Wild Adult Salmon Aren't Exacerbating Lice Epidemic
Marine biologists were surprised to find that the numbers of sea lice on juvenile salmon didn't climb when louse-infested wild adults swam by on their way to spawning.
Mature pink salmon passing through Fife Sound in the Broughton Archipelago of British Columbia each carried nine lice that were bearing eggs.
But the intensity of new louse infestations on juvenile pink and chum salmon in the Sound was actually lower during the run than in the months before.
During June and July, 43% of the juveniles had lice attached of the species Lepeophtheirus salmonis, and 7.2% were newly infested with copepods, the stage that first attaches to a fish. Infested fish altogether averaged 1.2 lice.
When 200,000 adult pinks passed through in August and September, 40% of juveniles carried lice, and 4.8% with copepods, averaging one louse per infested fish. The prevalence of lice on young salmon was lowest in the weeks when wild adult salmon carrying lice were around.
Throughout the research, salinity and temperature conditions were optimal for reproducing sea lice. The study site was along a major salmon migration route with no active fish farms in the immediate vicinity. Young salmon would have acquired lice prior to the adult run from one of the 18 operating farms scattered among the islands and inlets in the area. These house millions of Atlantic salmon in open net pens.
Farmed salmon are a known source of sea lice on wild pink and chum salmon that have recently entered the ocean. Once the juveniles are infected, they can keep getting reinfected as the lice reproduce.

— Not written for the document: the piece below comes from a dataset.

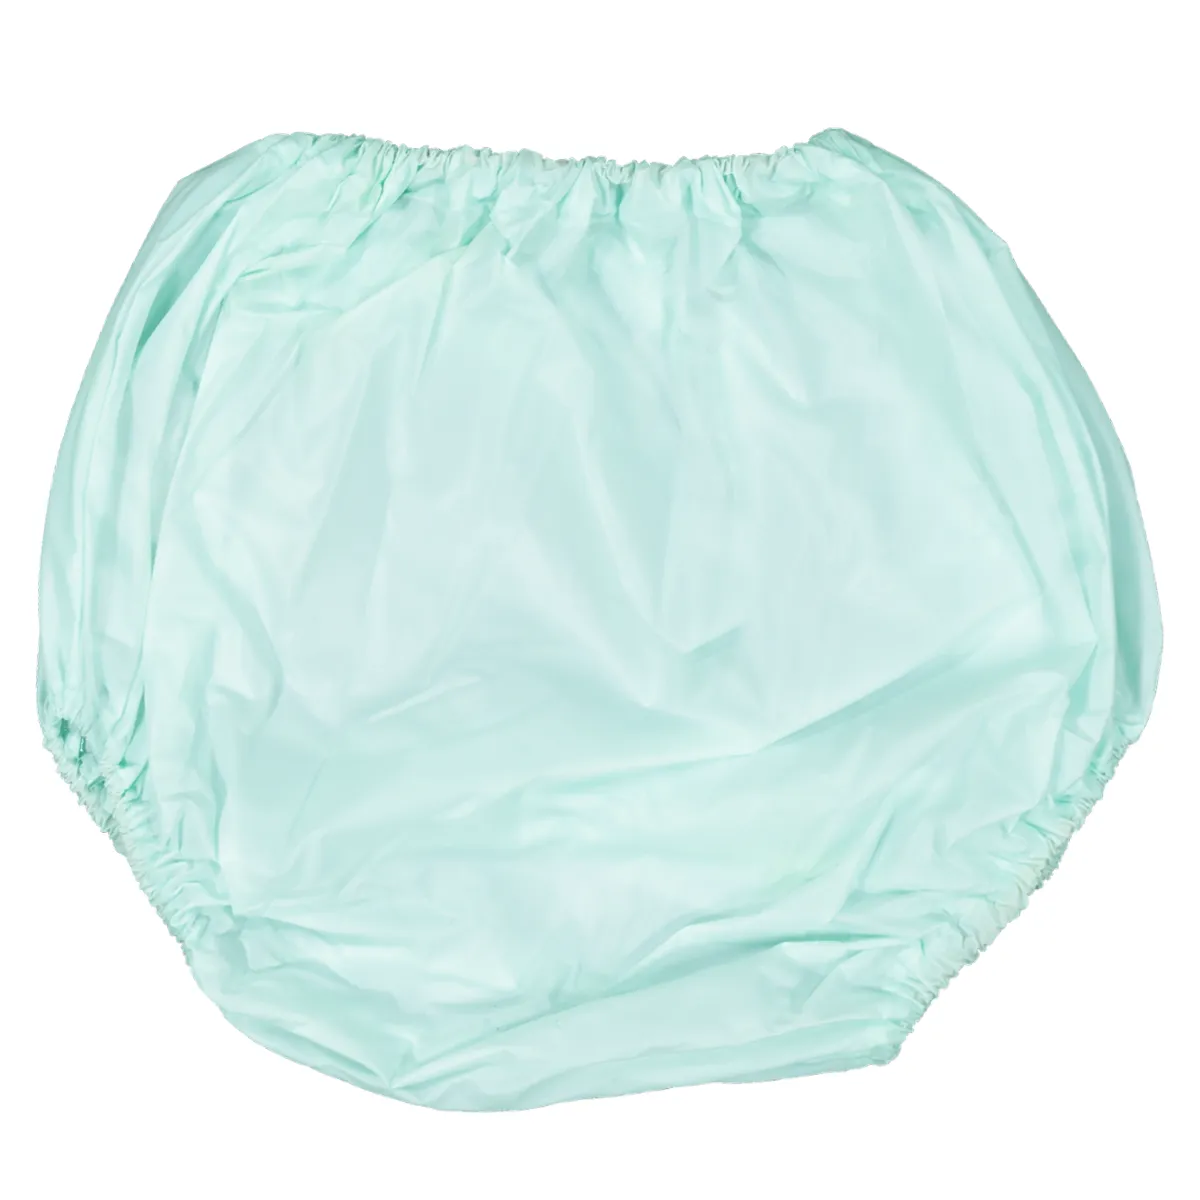 BABYTOTZ Reusable PVC Elastic Baby Diaper Waterproof Plastic

Geographic separation of wild adult Pacific salmon at sea and juvenile salmon entering the ocean naturally prevents young fish from becoming infested when they're too small to tolerate the parasites. By the time adult pinks showed up in August, the younger salmon had been growing in marine waters for five months.

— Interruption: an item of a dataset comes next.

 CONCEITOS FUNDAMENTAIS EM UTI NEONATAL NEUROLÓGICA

Authors of the Fife Sound study call their results "perplexing". They don't know why more sea lice didn't, as expected, attach to juvenile salmon when infested adults returned. Wild pink salmon have likely adapted to avoid passing sea lice from adults to the less resilient juveniles.

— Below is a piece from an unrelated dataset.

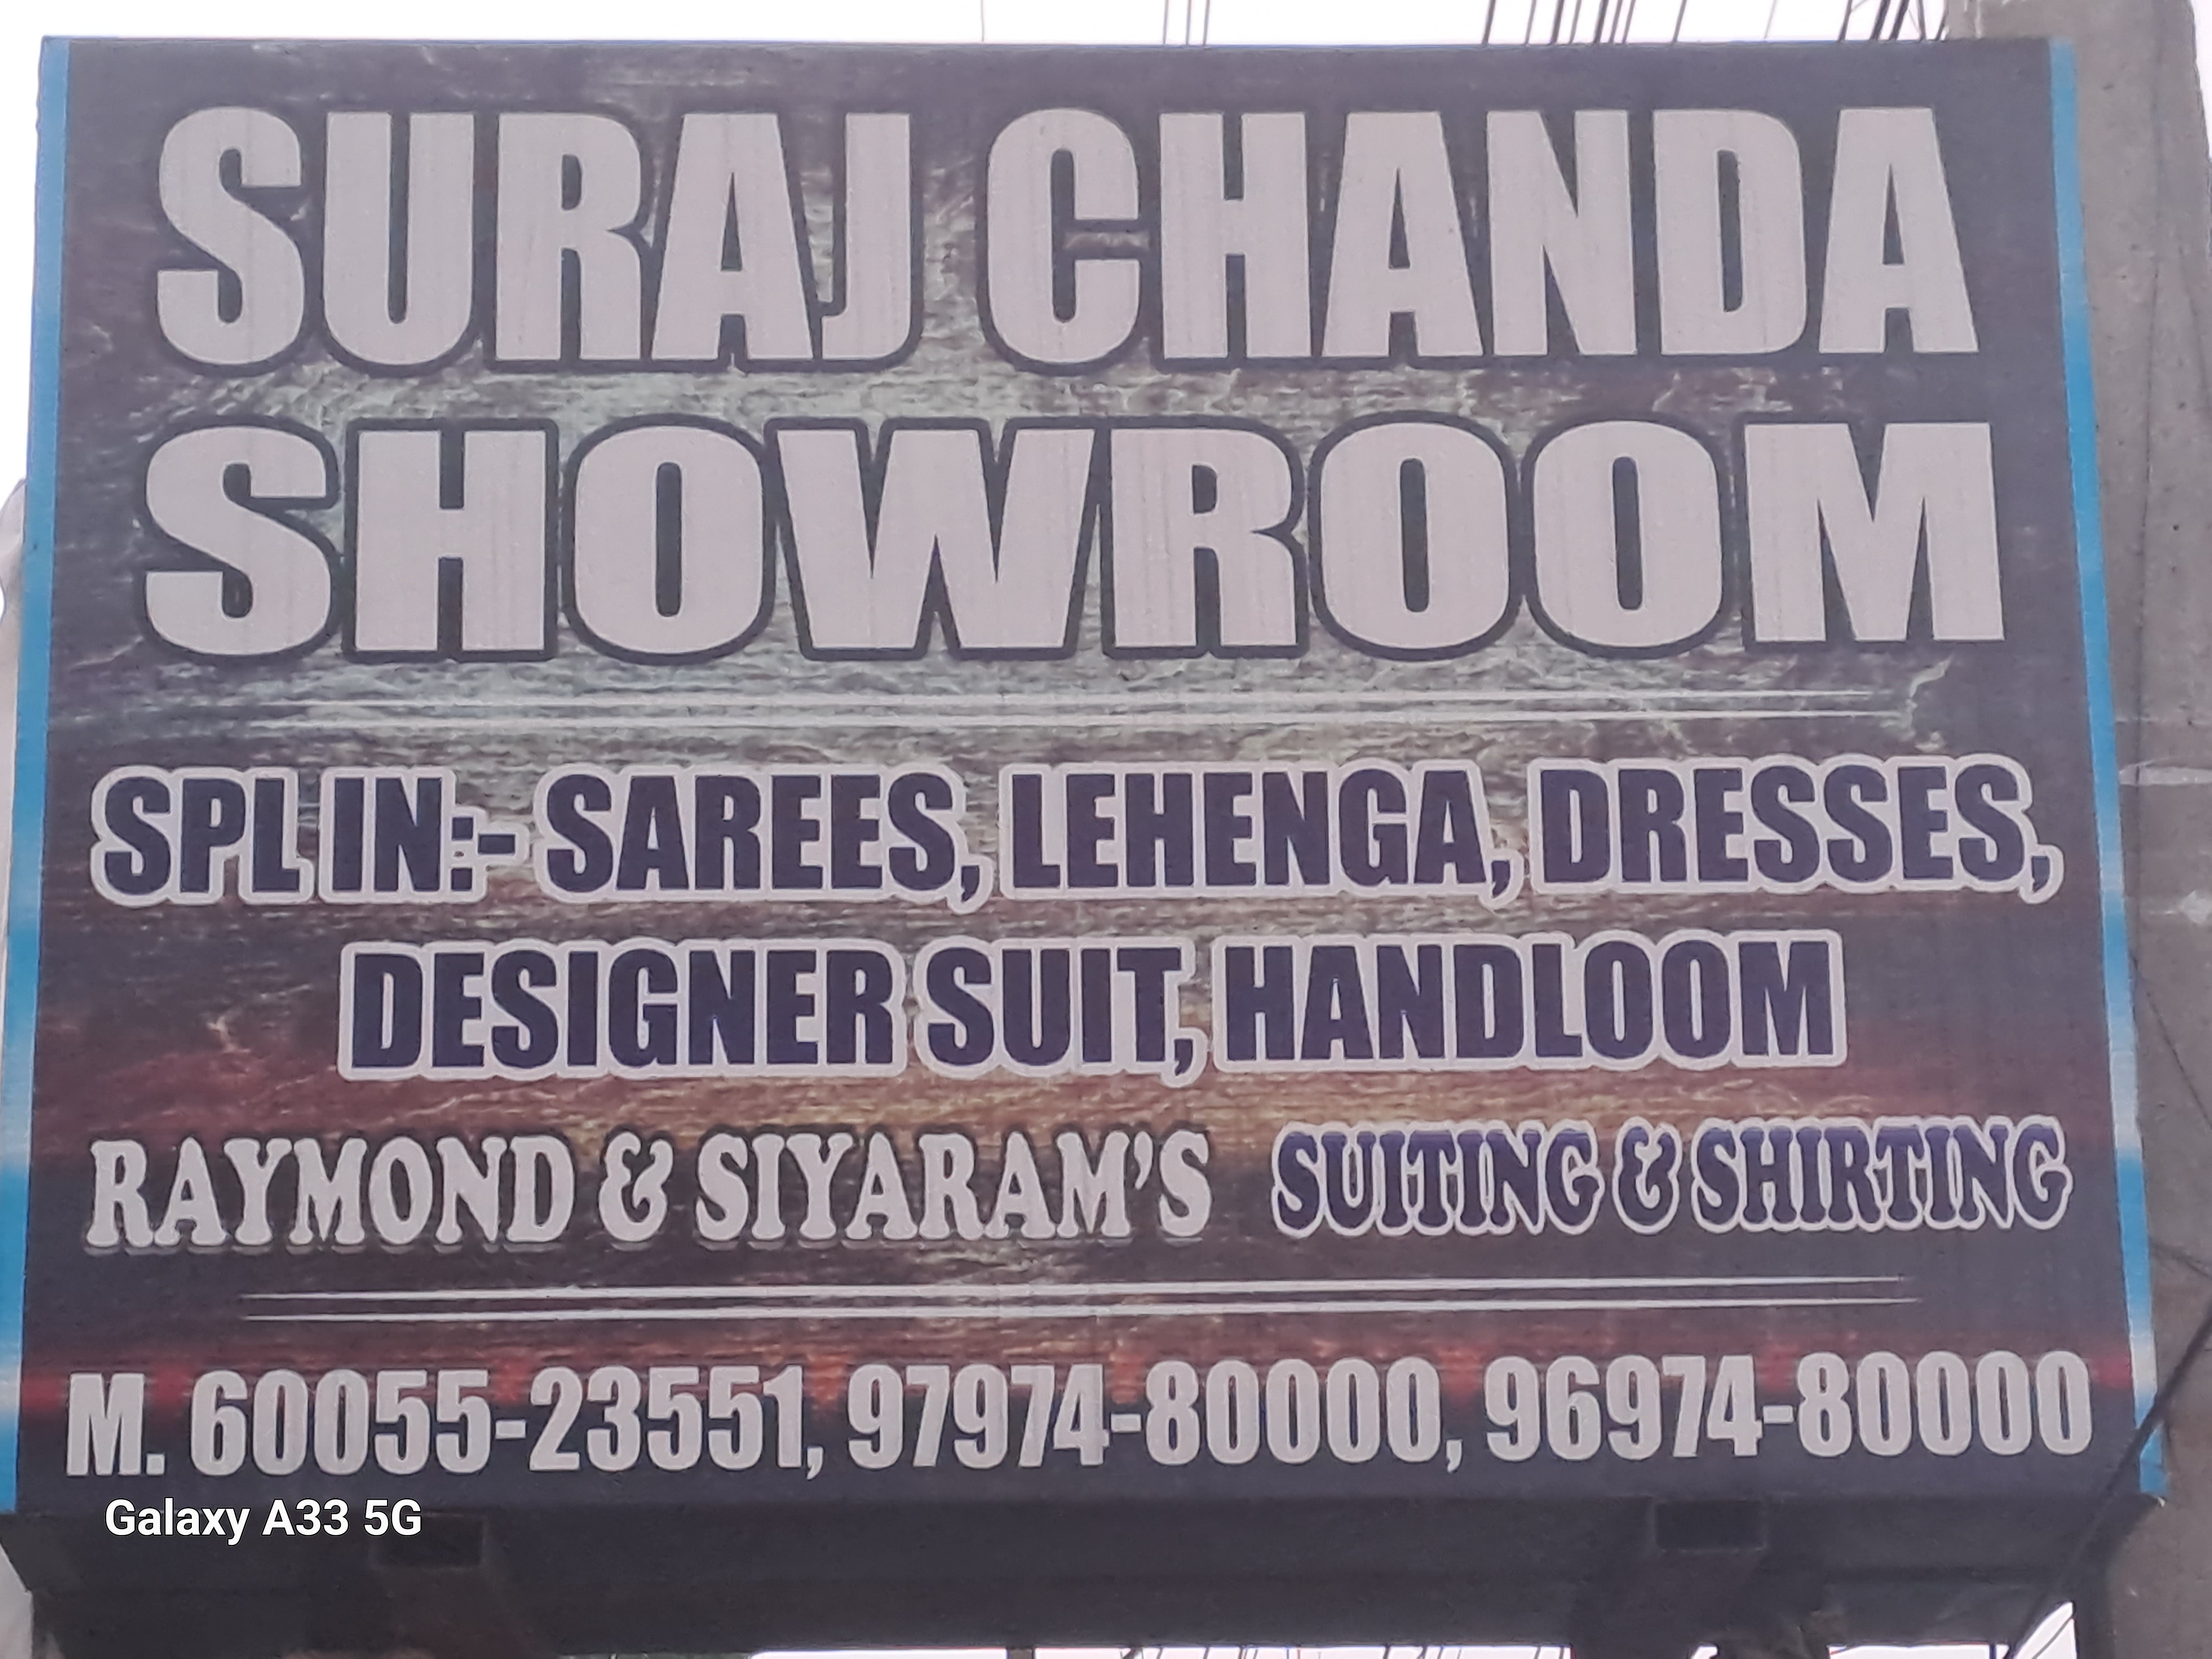 Suraj Chanda Showroom

There are several reasons for the findings, all of which could be involved. For instance, even though young and mature salmon occur together in the same passage between islands, they don't intermingle. Juveniles linger close to shore, while adults swim in mid-channel. Also, the two generations of salmon encounter each other on the outer edge of the archipelago where good tidal flushing of sea water may inhibit louse transfer.
Reference
Alexandra Morton and Rob Williams. 2006. Response of the sea louse Lepeophtheirus salmonis infestation levels on juvenile wild Pink, Oncorhynchus gorbuscha, and Chum, O. keta, salmon to arrival of parasitized wild adult Pink Salmon. Canadian Field-Naturalist. 120(2): 199-204.